Transcending the frame’s limits is a common motif for Lambert. “Kite Rib Space” (2010), is a rectangle with a black-painted diamond inside it. At the top, one of her signature wooden triangles completes the shape by extending it beyond the frame. This gesture becomes a playful rejoinder to Mondrian’s black gridlines that stop just short of the edge. Both Mondrian and Lambert call attention to the heavily-patrolled border between a painting and the world around it. If we recall Rosalind Krauss on centrifugal and centripetal logic in grid-making (or art-making in general), Lambert insists on the centrifugal—drawing attention outwards towards the world at large. And if, as Krauss points out, Mondrian’s abbreviated lines direct us back inside the frame, his diamond-shaped canvases of severed rectangular grids do just the opposite. Lambert inverts this gesture with “Kite Rib Space,” where the diamond sits within and beyond the rectangle, and offers a diamond-shaped canvas of her own (“Grind Whirl Stream” 2014) where vague traces of the grid give way to fluid curves and veils of color.

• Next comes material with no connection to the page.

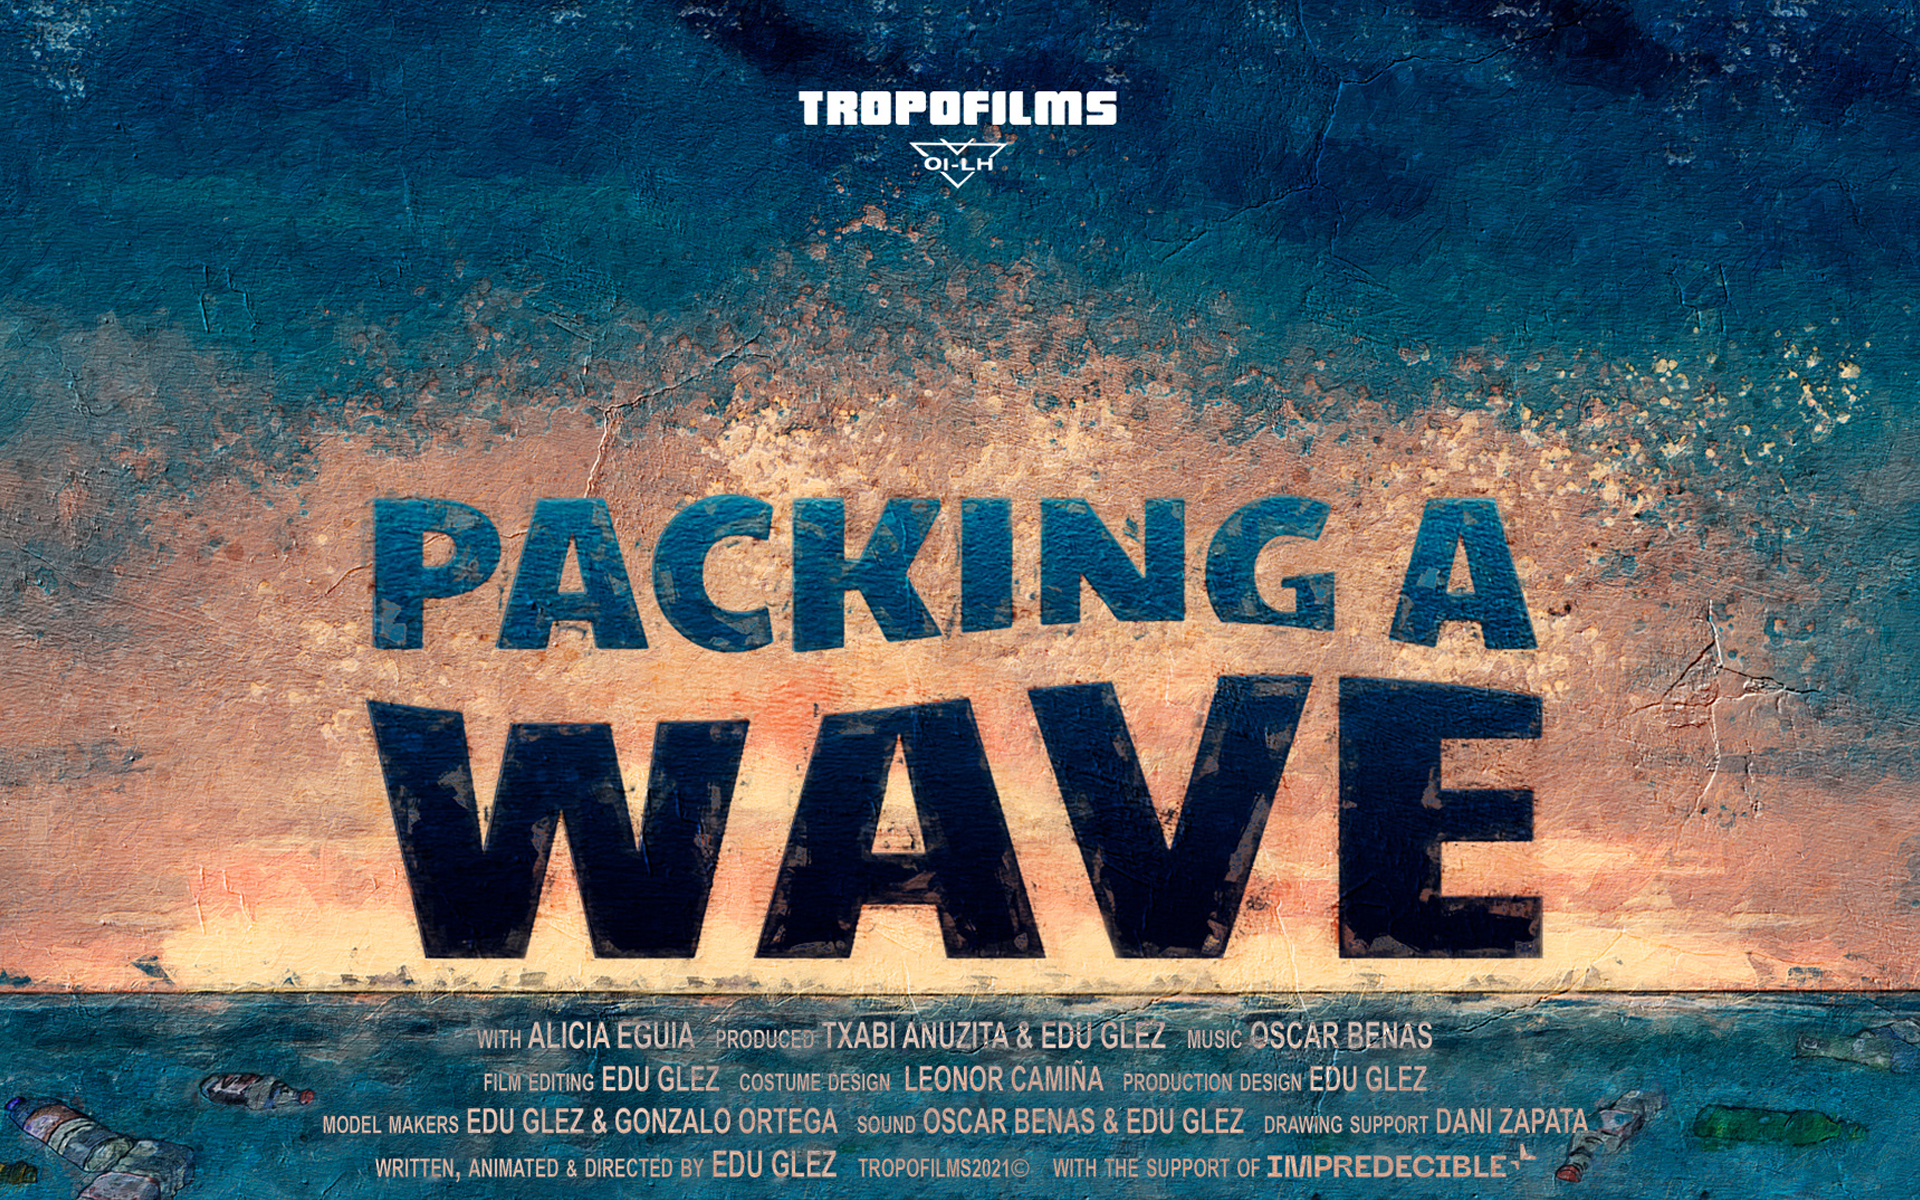 Packing a wave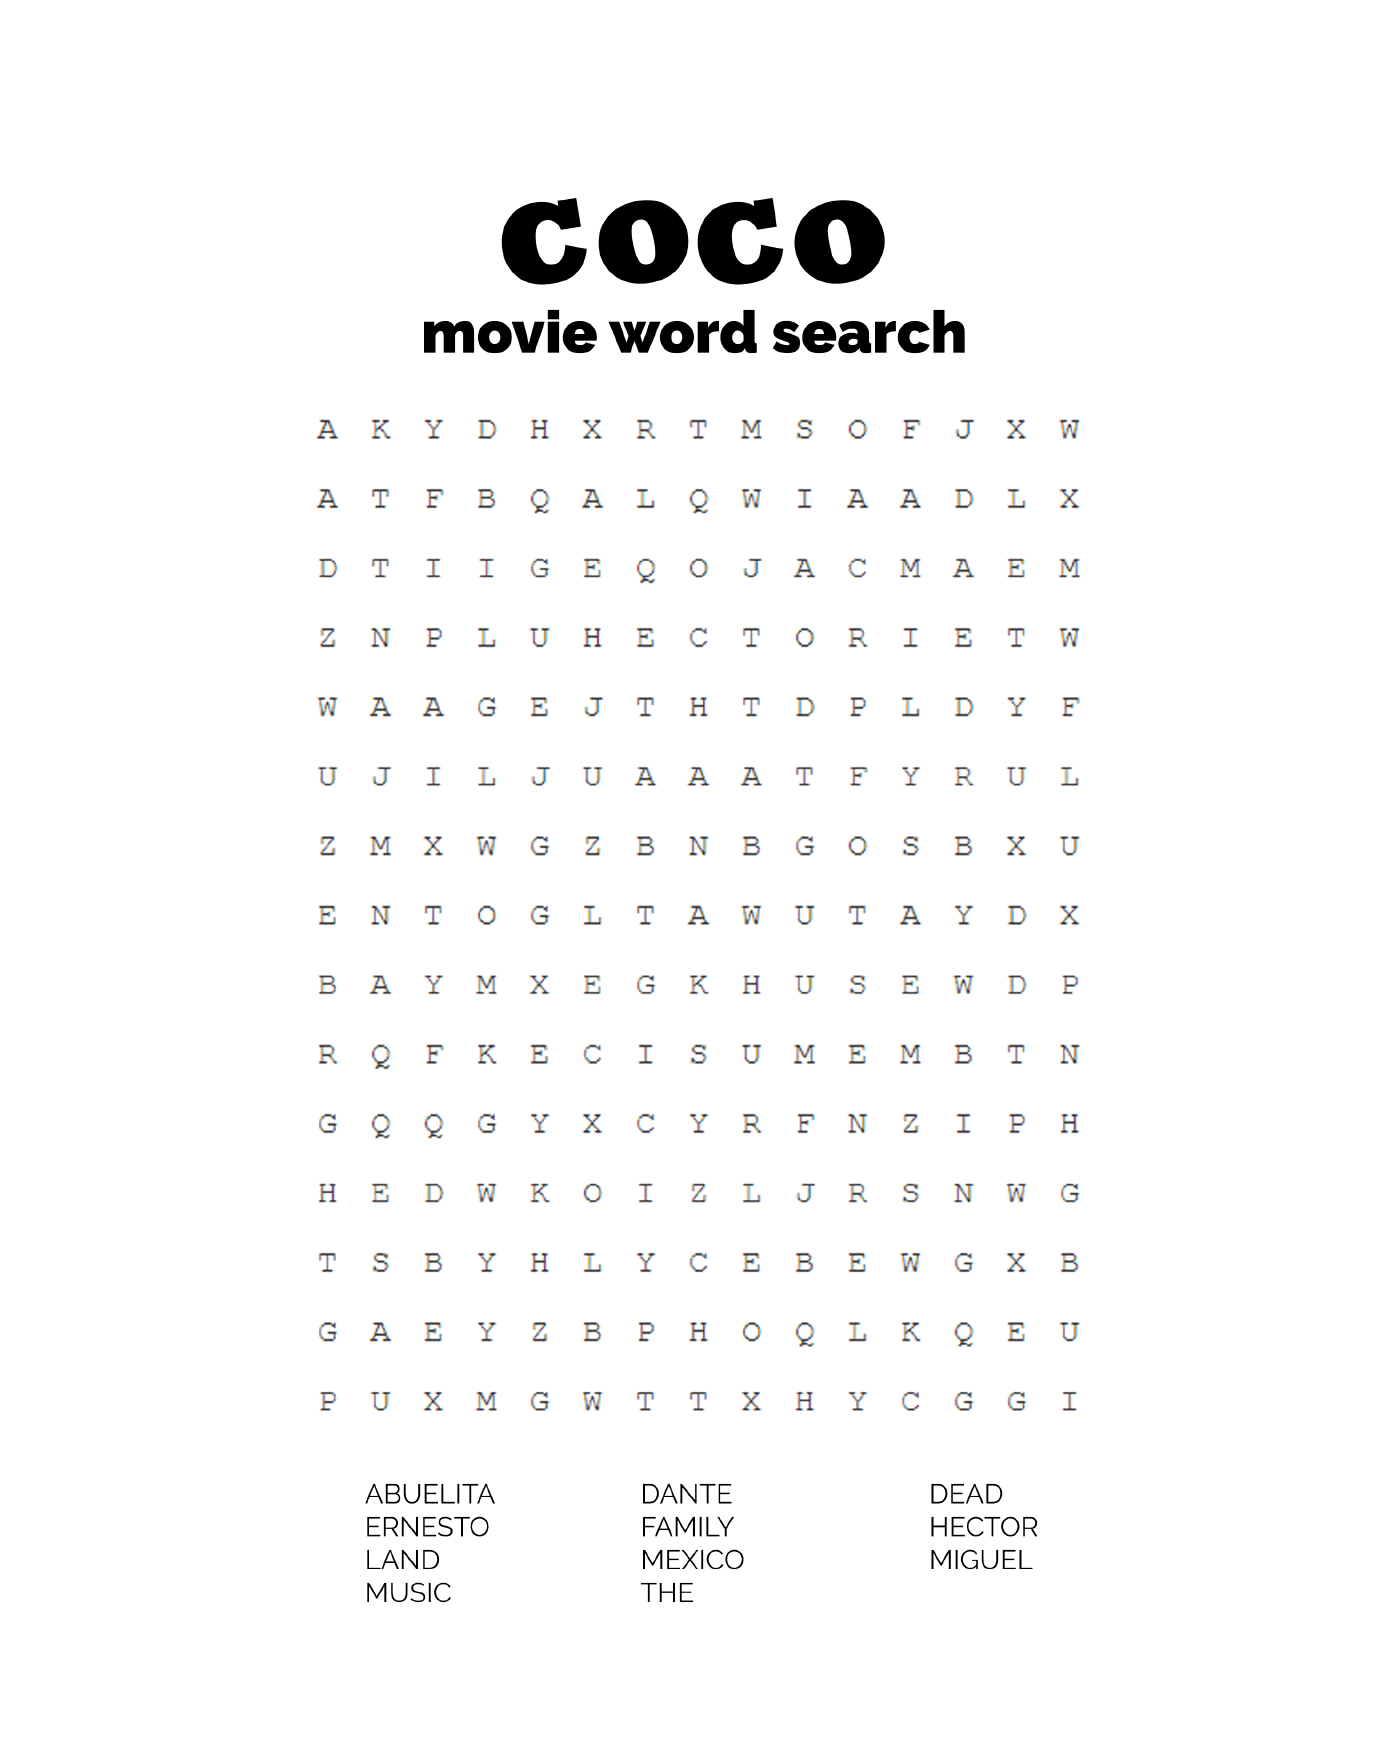  Search for words based on the movie Coco

If we separate the term curiologic, we get Curio Logic, which points away from linguistics and towards the cabinet of curiosities: a collection of objects with no necessary commonality aside from intrinsically wondrous form. In his provocatively titled essay “Formalism,” Dave Hickey calls for greater attention to the “tangible patterns” by which all human information travels. It is this “logic of sensation” (Deleuze, via Hickey)—not source or content—that determines the cabinet of curiosities, and, I suspect, much of Lambert’s process as an artist. So when I step into her world and feel “an instantaneous sense of alien, patterned complexity,” maybe we’re both on the right track.